Coupa makes margins multiply through its community-generated AI and industry-leading total spend management platform for businesses large and small. Coupa AI is informed by trillions of dollars of direct and indirect spend data across a global network of 10M+ buyers and suppliers. We empower you with the ability to predict, prescribe, and automate smarter, more profitable business decisions to improve operating margins. Why join Coupa? 🔹 Pioneering Technology: At Coupa, we're at the forefront of innovation, leveraging the latest technology to empower our customers with greater efficiency and visibility in their spend. 🔹 Collaborative Culture: We value collaboration and teamwork, and our culture is driven by transparency, openness, and a shared commitment to excellence. 🔹 Global Impact: Join a company where your work has a global, measurable impact on our clients, the business, and each other.  Learn more on Life at Coupa blog and hear from our employees about their experiences working at Coupa.  The Impact of an AI Quality Engineer at Coupa: We are seeking a detail-oriented AI Quality Engineer to ensure the quality, reliability, and safety of our generative AI solutions built on Google Cloud's AI ecosystem. This role is a core part of our AI Delivery team, responsible for designing and executing comprehensive testing strategies for AI agents and solutions developed with Google ADK (Agent Developer Kit), Vertex AI, and related Google Cloud services. This position combines QA expertise with AI-specific testing methodologies, ensuring that our agentic AI solutions meet quality standards, perform reliably in production, and adhere to responsible AI principles. The AI Quality Engineer will partner closely with AI Architects, Agentic AI Developers, and business stakeholders to validate solutions from concept through production deployment within the Google Cloud environment. What You'll Do:
  • AI-Specific Test Strategy: Design and implement comprehensive testing strategies for AI agents built with Google ADK and Vertex AI, including functional testing, prompt validation, model behavior testing, and agent orchestration verification.

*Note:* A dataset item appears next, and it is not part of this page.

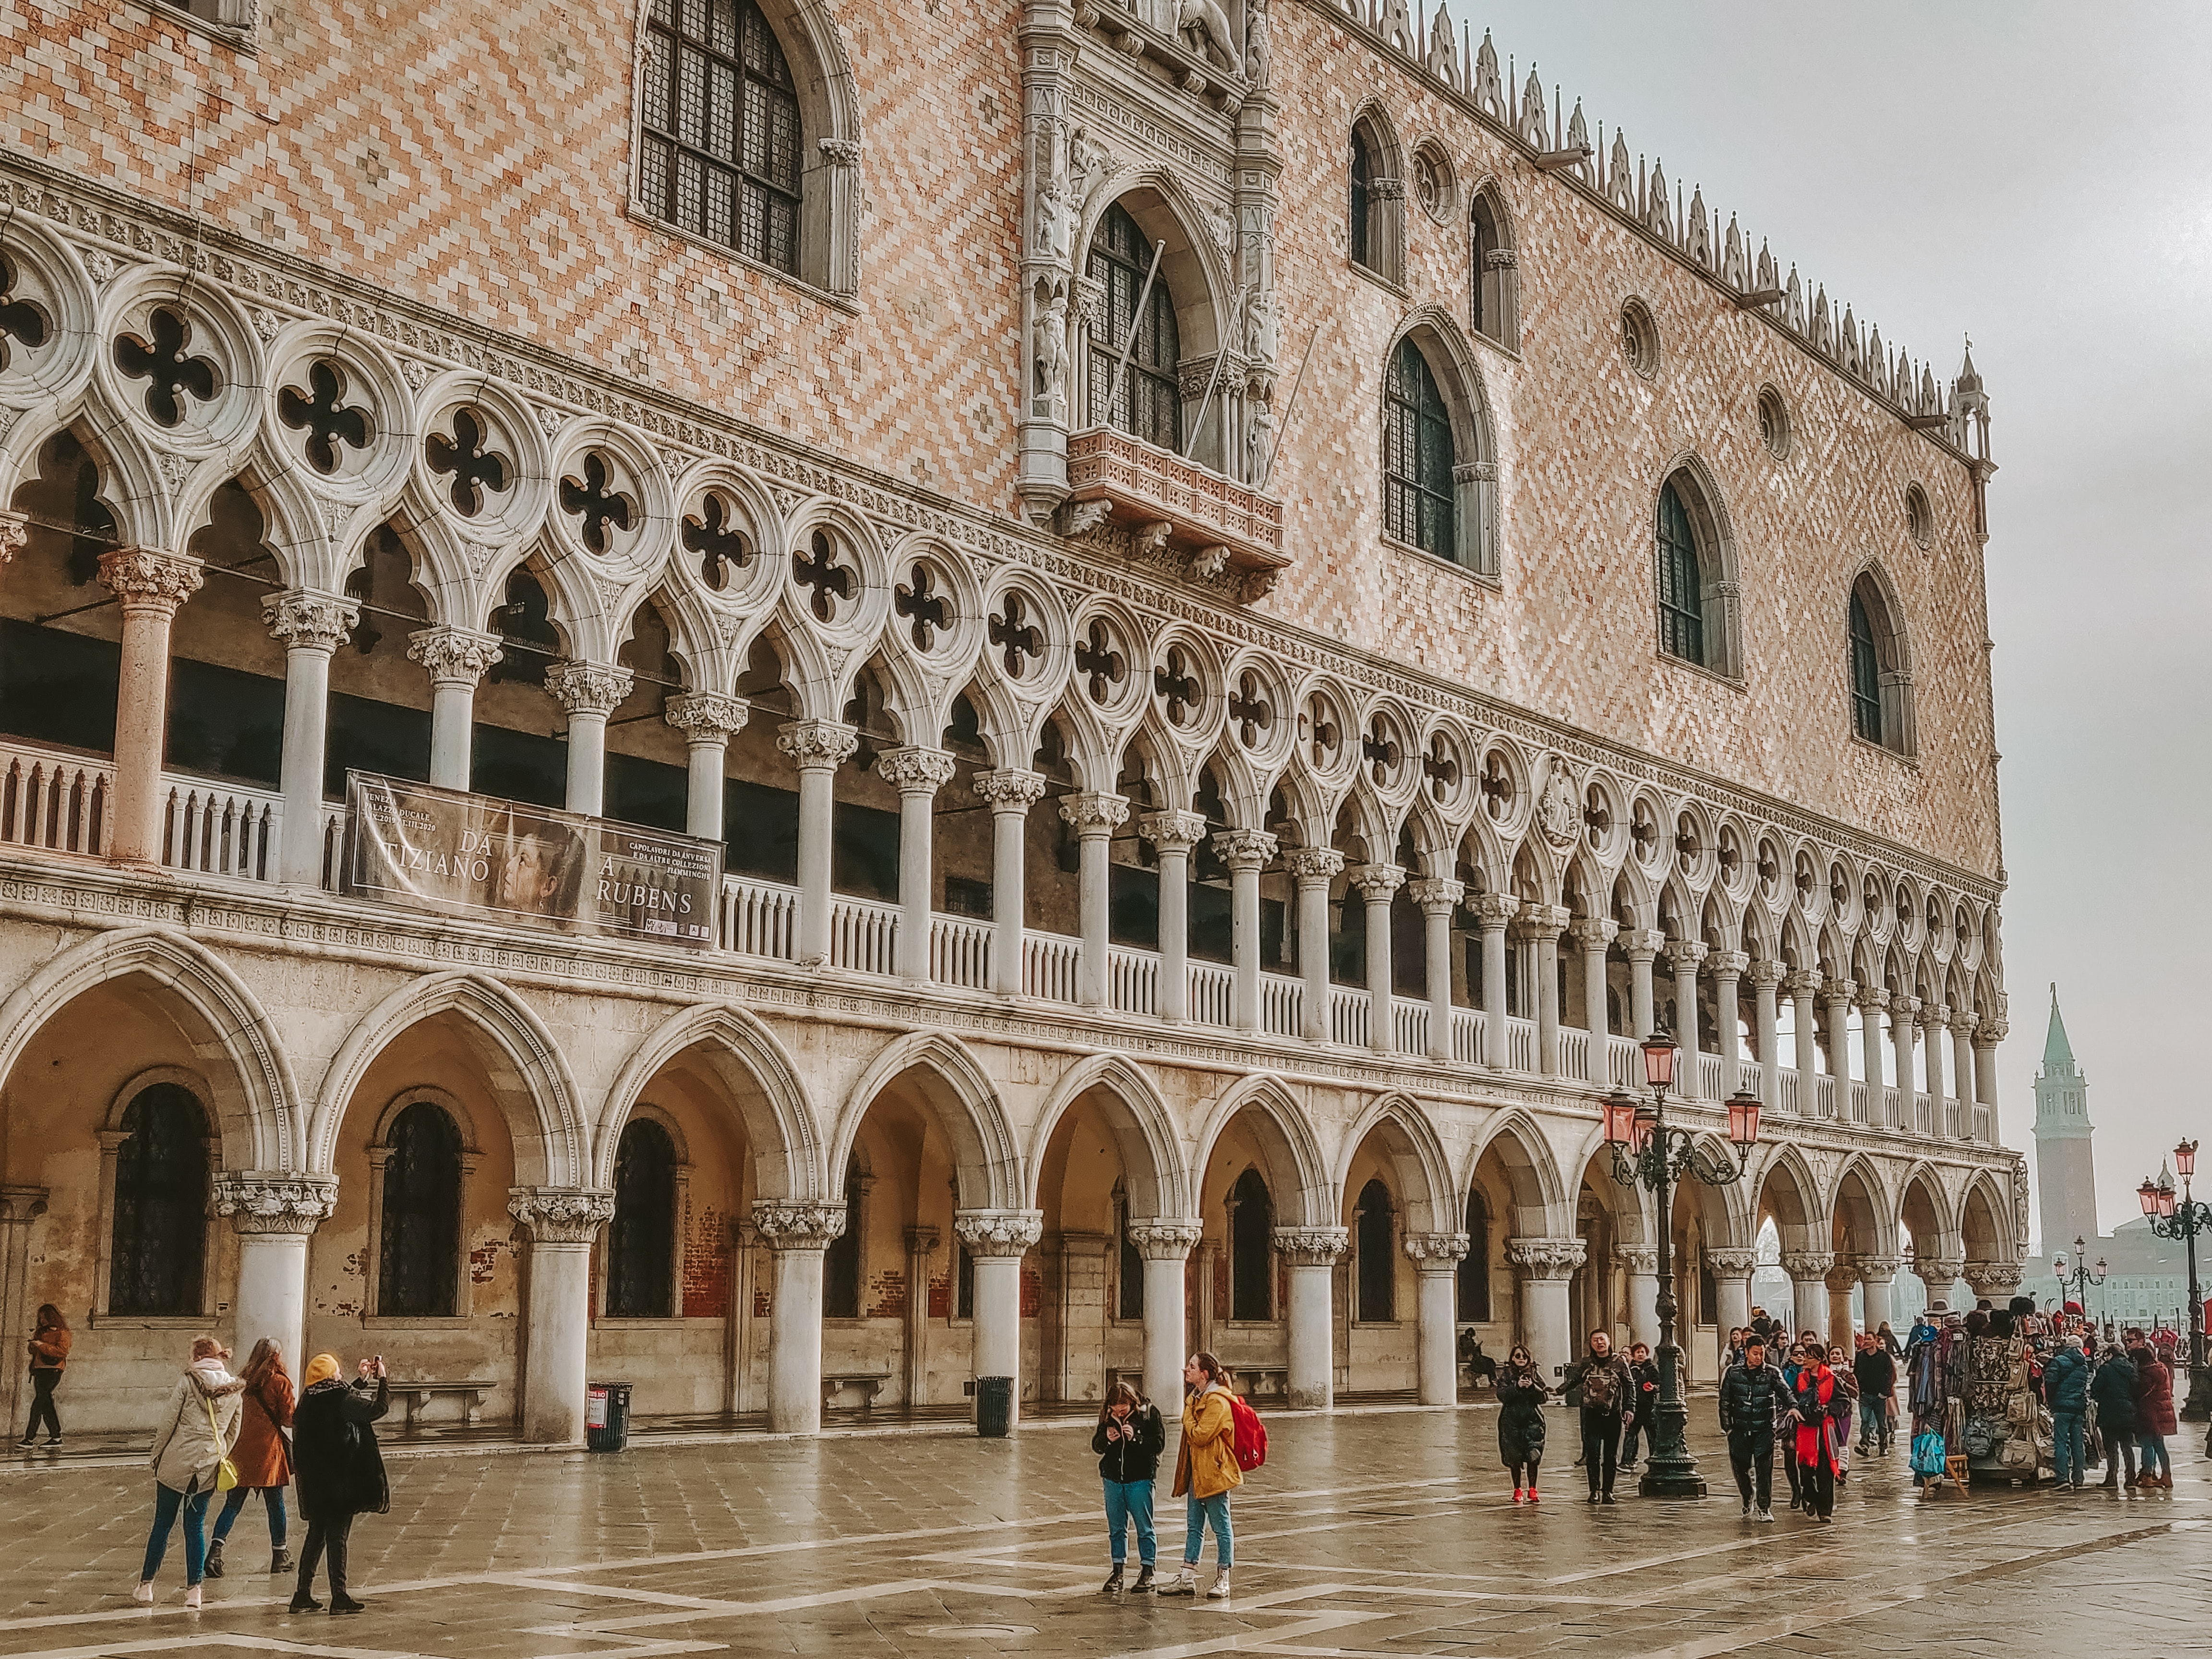 Doge's Palace in Venice, Italy

  • Automated Testing for AI Systems: Develop and maintain automated test suites for AI agents using Python, Vertex AI APIs, and testing frameworks. Create test harnesses for evaluating LLM outputs, agent responses, and multi-agent interactions.

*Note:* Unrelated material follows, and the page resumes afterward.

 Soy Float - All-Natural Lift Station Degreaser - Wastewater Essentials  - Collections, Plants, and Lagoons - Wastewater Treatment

  • Vertex AI Quality Assurance: Test and validate AI solutions across the Vertex AI platform including model deployments, endpoint configurations, vector search accuracy, RAG pipeline quality, and integration points with Google Cloud services.
  • Responsible AI Testing: Implement and execute tests for AI safety, bias detection, fairness metrics, toxicity screening, and compliance requirements using Vertex AI monitoring tools and responsible AI frameworks. Validate guardrails and safety mechanisms.
  • Performance & Reliability Testing: Conduct performance testing, load testing, and reliability validation for AI agents deployed on Google Cloud Platform. Monitor latency, throughput, cost optimization, and scalability under various conditions.
  • Integration Testing: Validate integrations between AI agents and enterprise systems including BigQuery, Cloud Functions, Cloud Run, Pub/Sub, and third-party applications. Ensure data flows, API connections, and orchestration logic function correctly.
  • Test Documentation & Reporting: Create detailed test plans, test cases, and quality metrics specific to AI systems. Document test results, defect reports, and quality trends. Provide clear feedback to development teams on agent behavior and edge cases.
  • Continuous Improvement: Collaborate with AI Architects and Developers to establish quality standards and testing best practices. Identify patterns in failures, suggest improvements to agent design, and contribute to CI/CD pipeline quality gates.
  • User Acceptance Support: Facilitate UAT processes with business stakeholders, helping them validate AI agent behavior against requirements and ensuring solutions meet real-world use cases.
  • What You Will Bring to Coupa:
  • Proven experience (3-5+ years) in software quality assurance, testing, or QA engineering with at least 1-2 years focused on AI/ML systems or data-intensive applications.
  • Strong understanding of AI/ML fundamentals, LLM behavior, prompt engineering, and the unique testing challenges of non-deterministic AI systems.
  • Experience testing applications on Google Cloud Platform, with familiarity with Vertex AI, BigQuery, Cloud Functions, or related GCP services.
  • Proficiency in Python for test automation and scripting. Experience with testing frameworks (pytest, unittest) and API testing tools.
  • Demonstrated ability to design test strategies for complex systems, including positive/negative testing, boundary testing, and edge case identification.
  • Strong analytical and problem-solving skills with attention to detail in identifying defects, inconsistencies, and quality issues in AI agent behavior.
  • Experience with test automation, CI/CD pipelines, and version control systems (Git).
  • Excellent communication skills with the ability to document technical findings and collaborate effectively with developers and stakeholders.
  • Bachelor's degree in Computer Science, Information Systems, or a related field, or equivalent practical experience.

  • Preferred:
  • Hands-on experience testing AI agents, LLM applications, or agentic systems using frameworks like Google ADK, LangChain, or similar tools.
  • Experience with Vertex AI specific testing including model evaluation metrics, A/B testing, model monitoring, and drift detection.
  • Knowledge of responsible AI testing methodologies including bias detection, fairness evaluation, explainability validation, and safety testing.
  • Familiarity with evaluation metrics for LLMs and RAG systems (BLEU, ROUGE, semantic similarity, retrieval accuracy, hallucination detection).
  • Experience with load testing tools (Locust, JMeter) and monitoring tools (Cloud Monitoring, Cloud Logging) in Google Cloud environments.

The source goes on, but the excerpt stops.